The incident drew public scrutiny because the NSA was headed by Fombah Sirleaf, the stepson of President Ellen Johnson Sirleaf, and because Justice Minister Christiana Tah later resigned after accusing the president of interfering with her investigation.

A special committee appointed to investigate the incident concluded that the Korean businessmen were not engaged in illegal activity. The investigation further found that the seizure was a criminal conspiracy by NSA operatives and co-conspirators outside of the agency who had lured the Korean businessmen to Liberia, and recommended prosecution of all perpetrators.

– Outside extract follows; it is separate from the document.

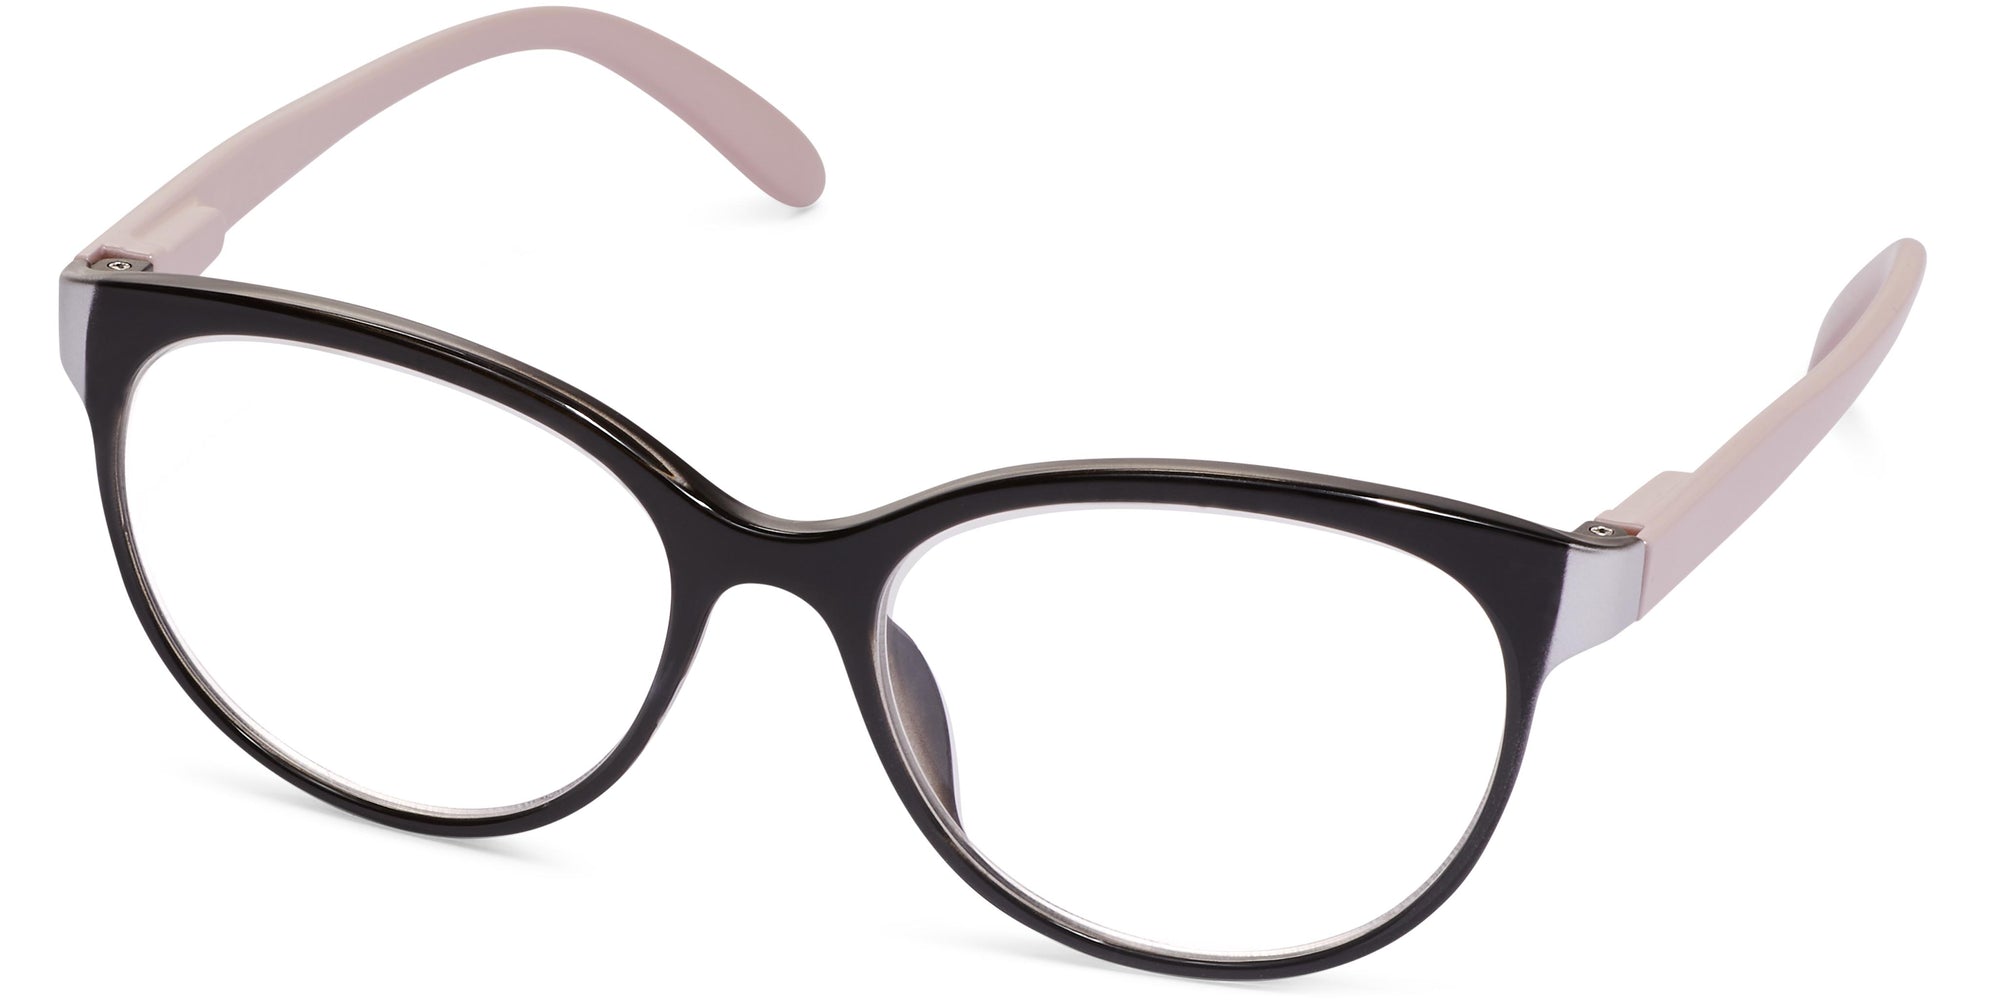 Sally - Black-Pink-Silver / 1.25 - Reading Glasses

In 2020, the 13th Judicial Circuit Court in Margibi County awarded four of the businessmen US$349,000 in special damages and US$1 million for their treatment while in NSA custody.

==Background==
A group of five Korean businessmen had arranged the purchase of gold bars through emails with Nasser Aly, whom they believed to be a Lebanese gold dealer with mining interests in Liberia. Under the deal negotiated by Kim Aleck, one of the Korean businessmen, the counter parties agreed to the sale of 16 kgs of gold at the price of US$568,000. Half of the purchase price amounting to US$284,000 was to be paid upfront in Liberia.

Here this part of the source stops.